Upon the passing of the relevant resolution(s) by the Shareholders at the SGM, an application will be made by the Company to the Listing Committee of the Stock Exchange for the approval of the listing of, and permission to deal in the Conversion Shares to be allotted and issued upon the exercise of the conversion rights attaching to the Convertible Bonds.
CLARIFICATION TO THE ANNOUNCEMENT
Due to an inadvertent error, the Board wishes to clarify that certain terms as appeared under the section headed ‘‘Conditions precedent to Completion B’’ on pages 19 to 20 of the Announcement should be amended.
CONSIDERATION FOR THE JV PROJECTS
Pursuant to the Acquisition Agreement, the Consideration to be paid to the Vendors in respect of the JV Projects will be the same if the conditions precedent for obtaining the JV Projects are fulfilled and satisfied at either Completion B or Completion C.
Pursuant to the KT Cooperation Agreement, in the event the JV Projects are held by LiuPanShui KunLun, KunLun, as the 60% shareholder of LiuPanShui KunLun, shall provide the major support and contribution of natural gas resources, capital, technology, distribution network and brand name of KunLun to LiuPanShui KunLun.

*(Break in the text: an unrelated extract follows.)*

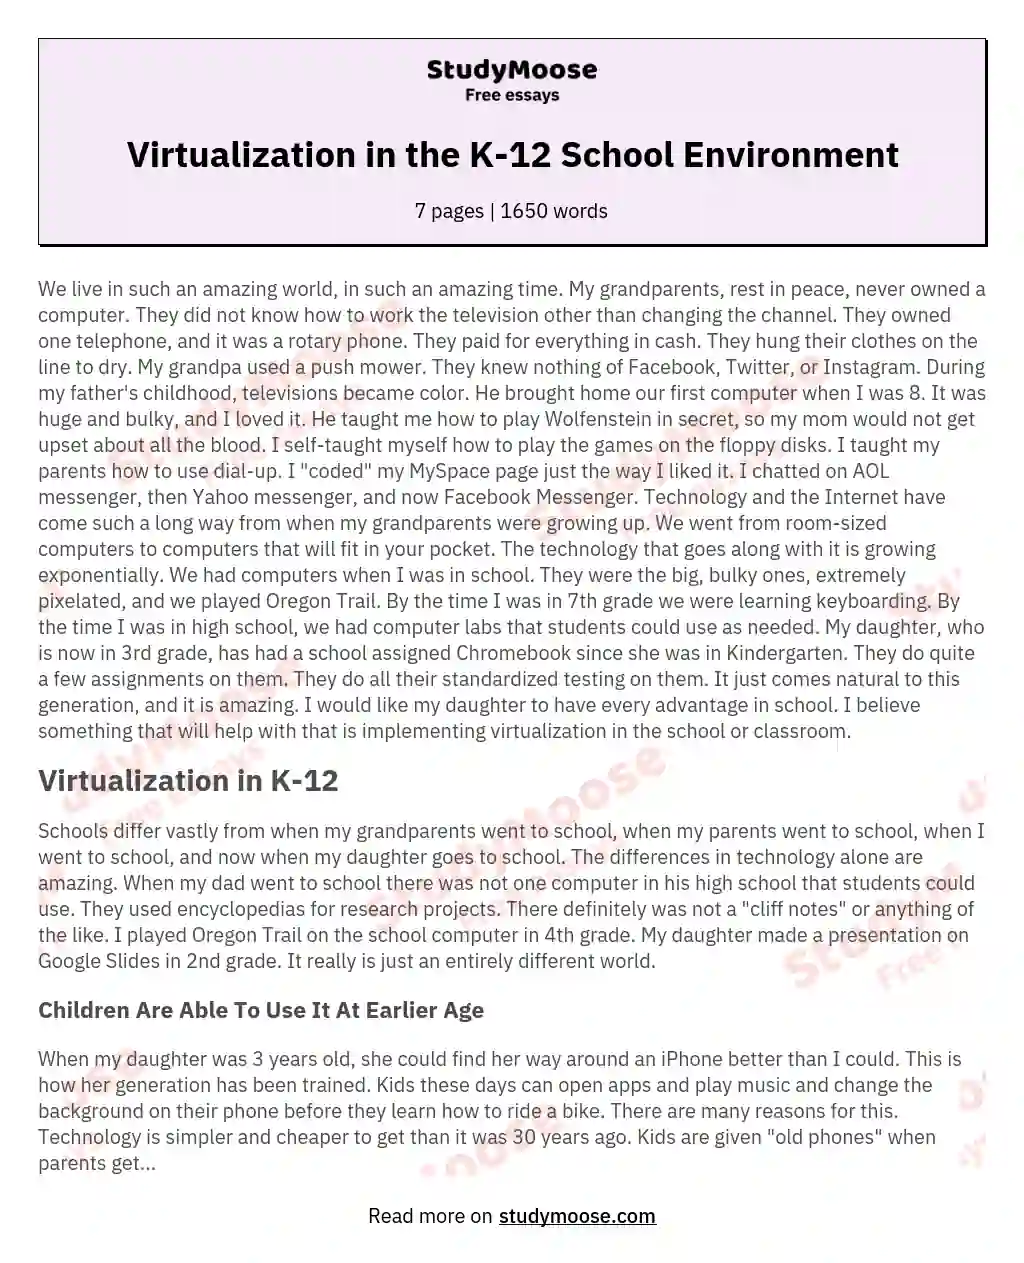 Virtualization in the K-12 School Environment essay

In view the huge investment scales of the JV Projects are among the highest within the Projects, the cooperation with KunLun and receiving major support and contribution from KunLun could be vital to the success of operation of the JV Projects and could provide intangible benefits to the Wholly-owned Projects. In such circumstance, the Company is not required to wholly bear the contribution and risk of such huge investment. Therefore, the Board holds the view that the 60% less interest in the JV Projects is justified by the benefits and support brought by KunLun.

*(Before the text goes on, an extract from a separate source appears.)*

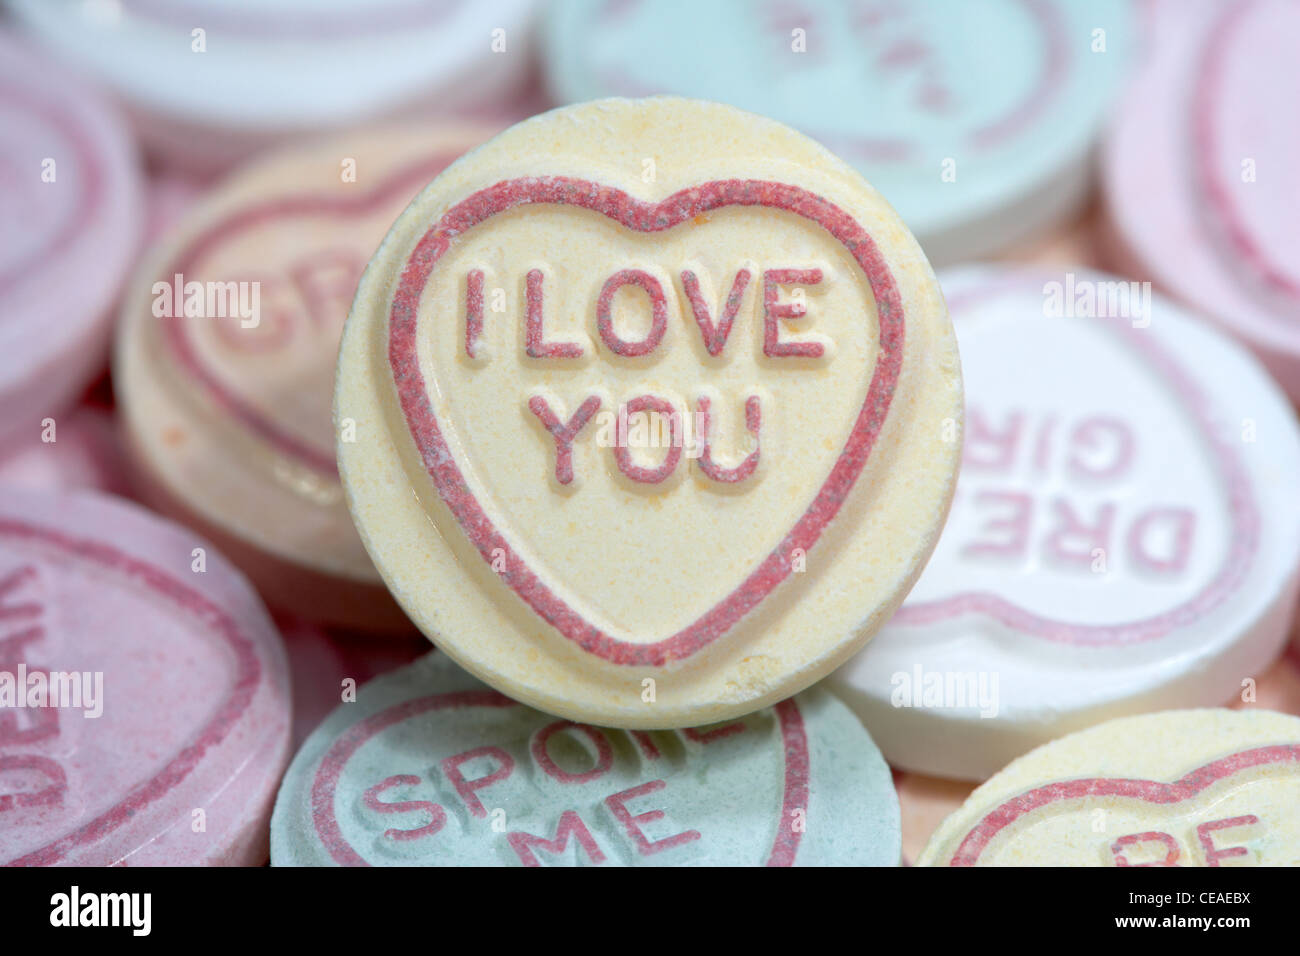 I love you amongst love heart sweets Stock Photo

SPECIFIC ARRANGEMENTS FOR SETTLEMENT OF THE CONSIDERATION
In the event that the Purchaser elects to transfer the Other Company’s CB in place of the Convertible Bonds, the Company will comply with all applicable announcement and/or shareholder approval requirements under the Listing Rules. A further announcement will be published to update the Shareholders when the Company transfers the Other Company’s CB to settle the Consideration.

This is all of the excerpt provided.